Lyktos was sacked by the Roman general Metellus, but was existing in the time of Strabo at a distance of 80 stadia (15 km) from the Libyan Sea. The site still bears the name of Lytto, where ancient remains are now found.

In the 16th century, Venetian manuscripts describe the walls of the ancient city, with circular bastions, and other fortifications, as existing upon a lofty mountain, nearly in the centre of the island. Numerous vestiges of ancient structures, tombs, and broken marbles, are seen, as well as an immense arch of an aqueduct, by which the water was carried across a deep valley by means of a large marble channel.

The harbor of Chersonesos served as the port for Lyktos trade.
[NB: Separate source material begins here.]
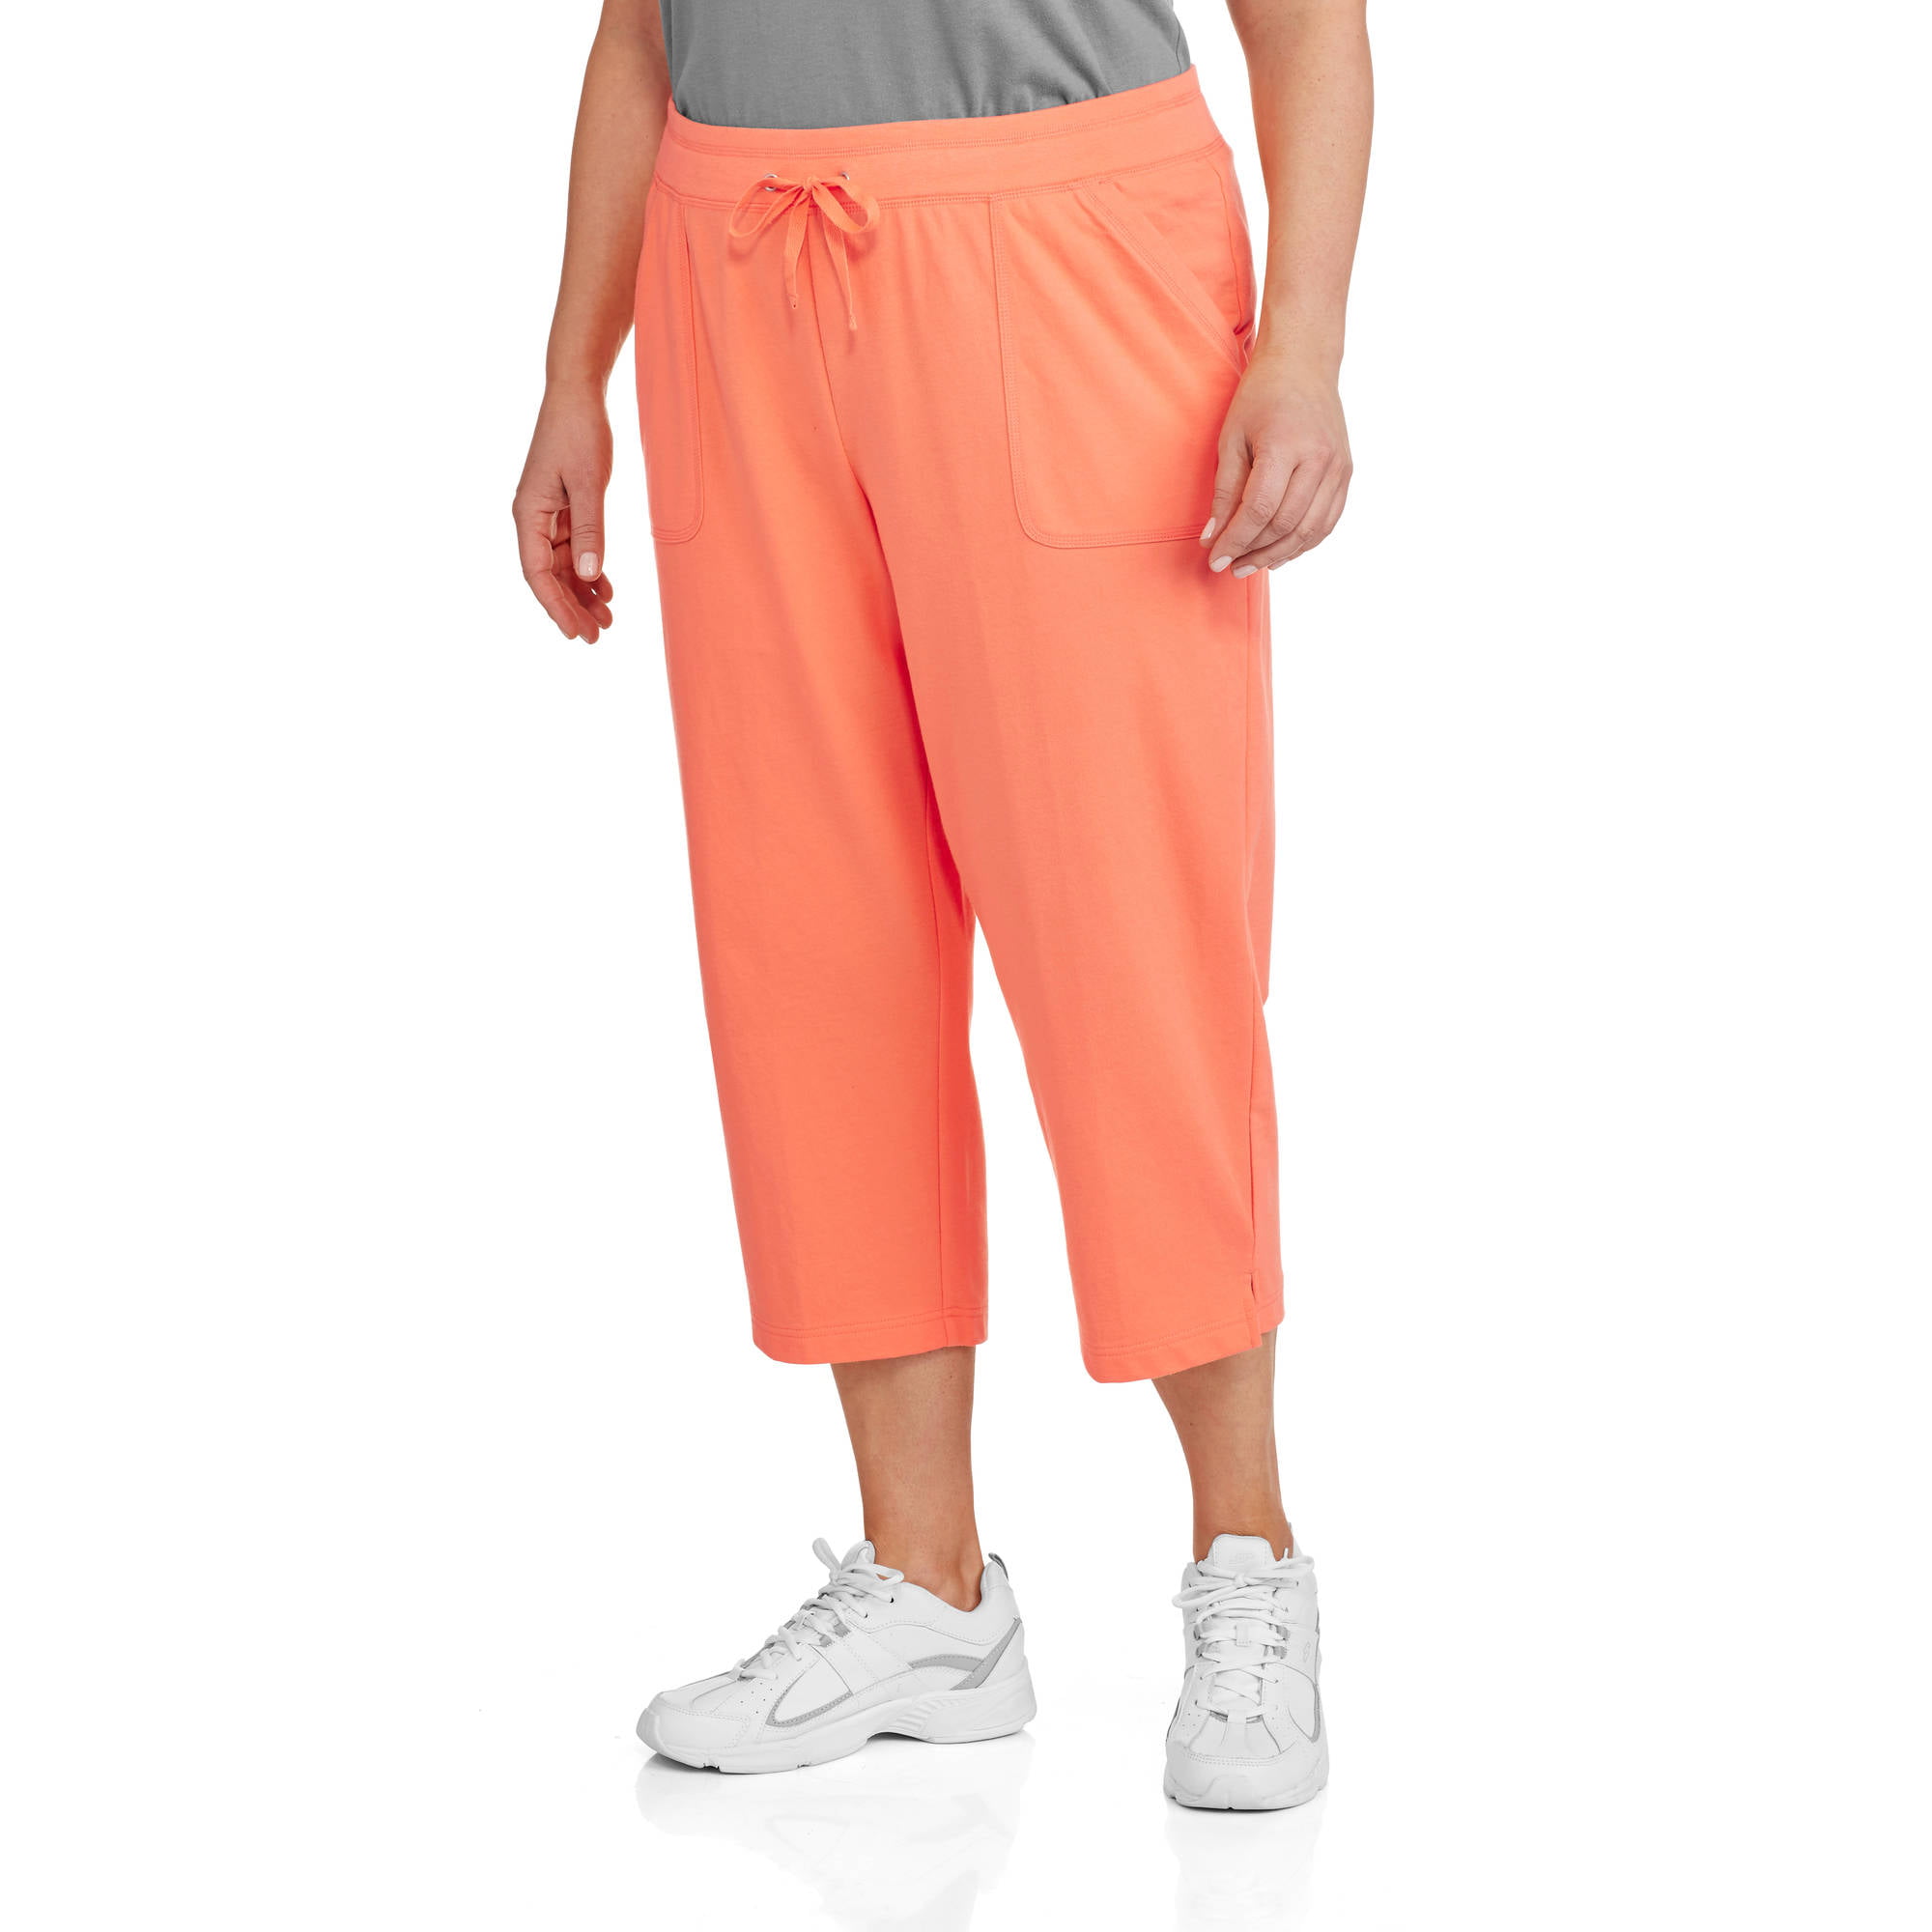 Women's Plus Size Knit Capri Pants, up to size 4X - Walmart.com

The town of Arsinoe belonged to Lyktos during the Hellenistic period, according to Stephanus of Byzantium, although its location is far from certain. Some scholars locate this Arsinoe (Crete) at the site of the older city of Rhithymna (although it is rather far from Lyktos). Others place it near the village of Malia, at Chersonesos above, or elsewhere in the territory of Lyktos.
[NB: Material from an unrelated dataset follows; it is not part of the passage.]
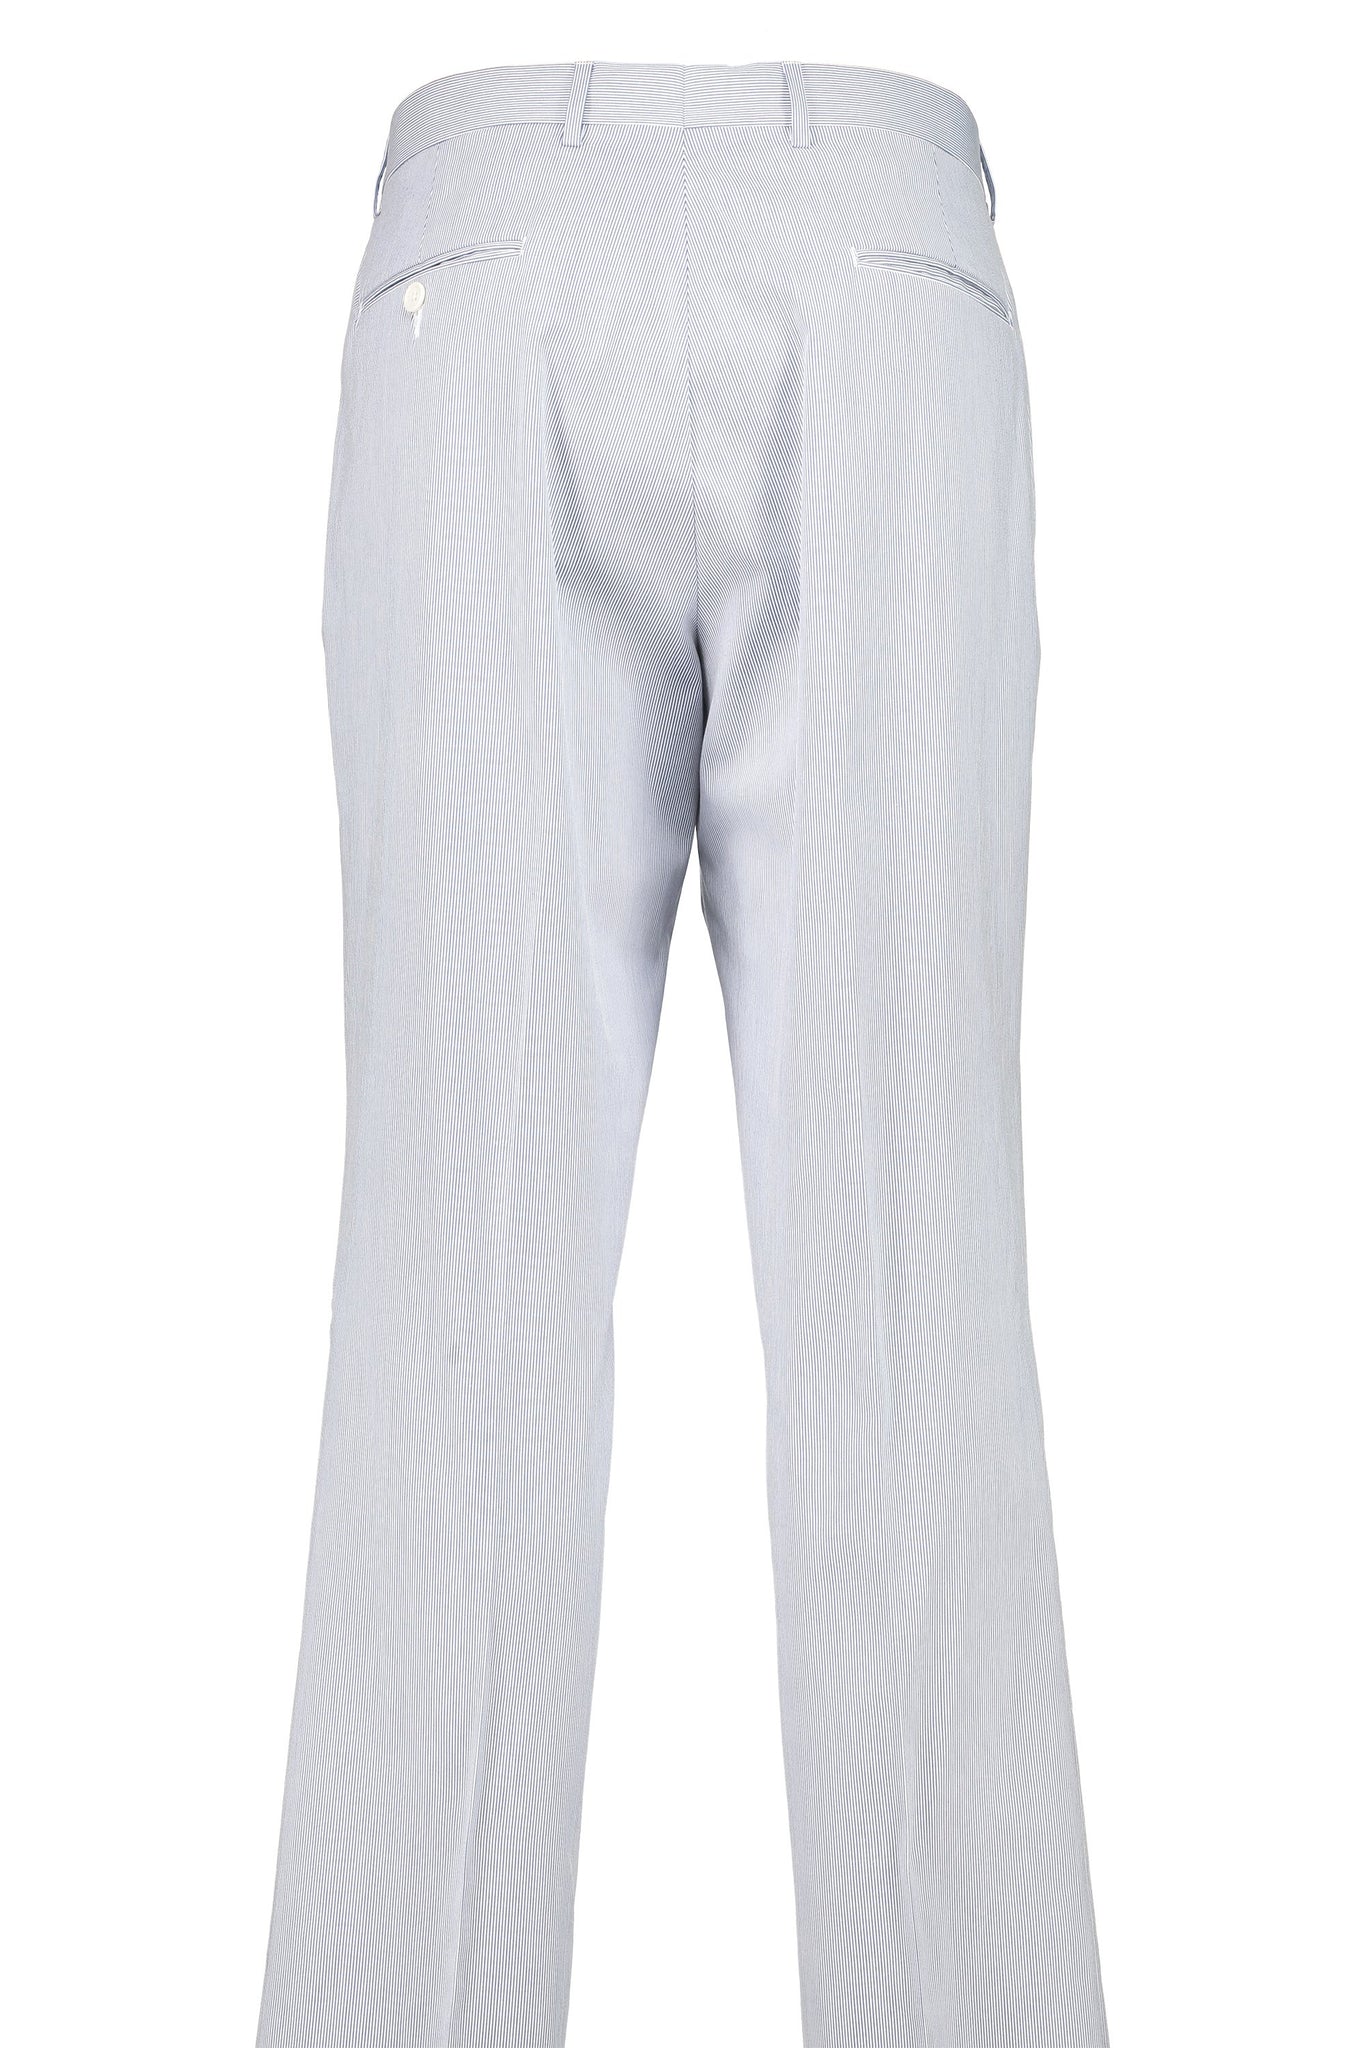 Classic Fit Blue & White Pincord Cotton Suit Separate Flat Front Pants -  Hardwick.com

The decoration of the coins issued at Lyktos is usually an eagle flying, with the inscription "ΛΥΤΤΙΩΝ" ("of the Lyttians").

==Modern history==
Before unearthing Knossos, Arthur Evans intended to excavate Lyktos but did not succeed in obtaining the necessary permits. As of 2022, only a small part of the site has been systematically excavated. A new five-year research program commenced in 2021, the Lyktos Archaeological Project, whose first year yielded significant findings the most important of which was a headless marble statue of Hadrian.